In the words of Christopher Allen:
Today, nations and corporations conflate driver’s licenses, social security cards, and other state-issued credentials with identity; this is problematic because it suggests a person can lose his very identity if a state revokes his credentials or even if he just crosses state borders. I think, but I am not.
In recent times, identities have been verified by credentials such as a passport or social network account issued by a central authority (usually a state or corporation).
However, as noted in Verifying Identity as a Social Intersection, such identity systems have several interrelated flaws:
They are insecure. Crucial data such as an ID number constantly has to be given out. This is enough to impersonate an individual. On top of this, since all data is stored in a single repository managed by the state or a corporation, it becomes particularly vulnerable to hacking or internal corruption.
They narrow you down to one thing (in system or out, criminal or not, a credit score, etc.). The central database has little use for more information than this. This limits the functionality of the system and results in great injustices (for example convicted individuals find it hard to re-enter society as this is the only information about themselves they can reliably convey).

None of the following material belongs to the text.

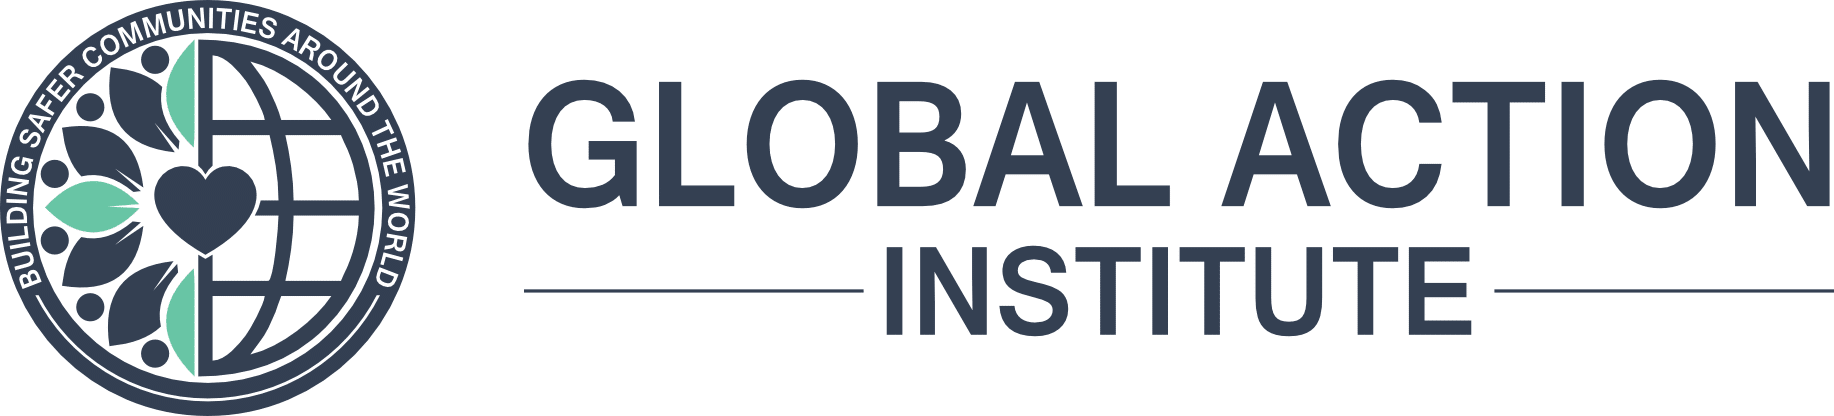 GLOBAL ACTION INSTITUTE

They are artificial, in the sense that the information stored about you usually bears little relation to what you or your friends think of as your identity.
To quote directly from the paper:
Recently, new identity paradigms have tried to get around some of these elements. One approach, adopted by “big data” platforms like Facebook and Google, is to overcome thinness [narrowness] by storing enormous amounts of detailed information about each individual. we might call this “panoptic identity”. However, such solutions have greatly exacerbated the other two problems, as they require extremely artificial compromises to intimacy through the global sharing of data with platforms that would not otherwise store it, creating exceptional potential security risks.
It’s clear we’re at an inflection point with respect to how the digital world interacts with the physical world.
The legacy systems of the physical world have not kept up with the digital world’s rising importance to it. As both worlds continue merging, this will have to change.
This gives us an opportunity to create systems — from the ground up — that bridge the two. Systems that operate with a different conception of identity.
If we design them well, they will allow us to redefine how modern society thinks about identity. Perhaps getting us closer to that ineffable “I” of self-consciousness.
The key is decentralization.
There are no longer any good reasons why identity systems should be controlled by a few gatekeepers.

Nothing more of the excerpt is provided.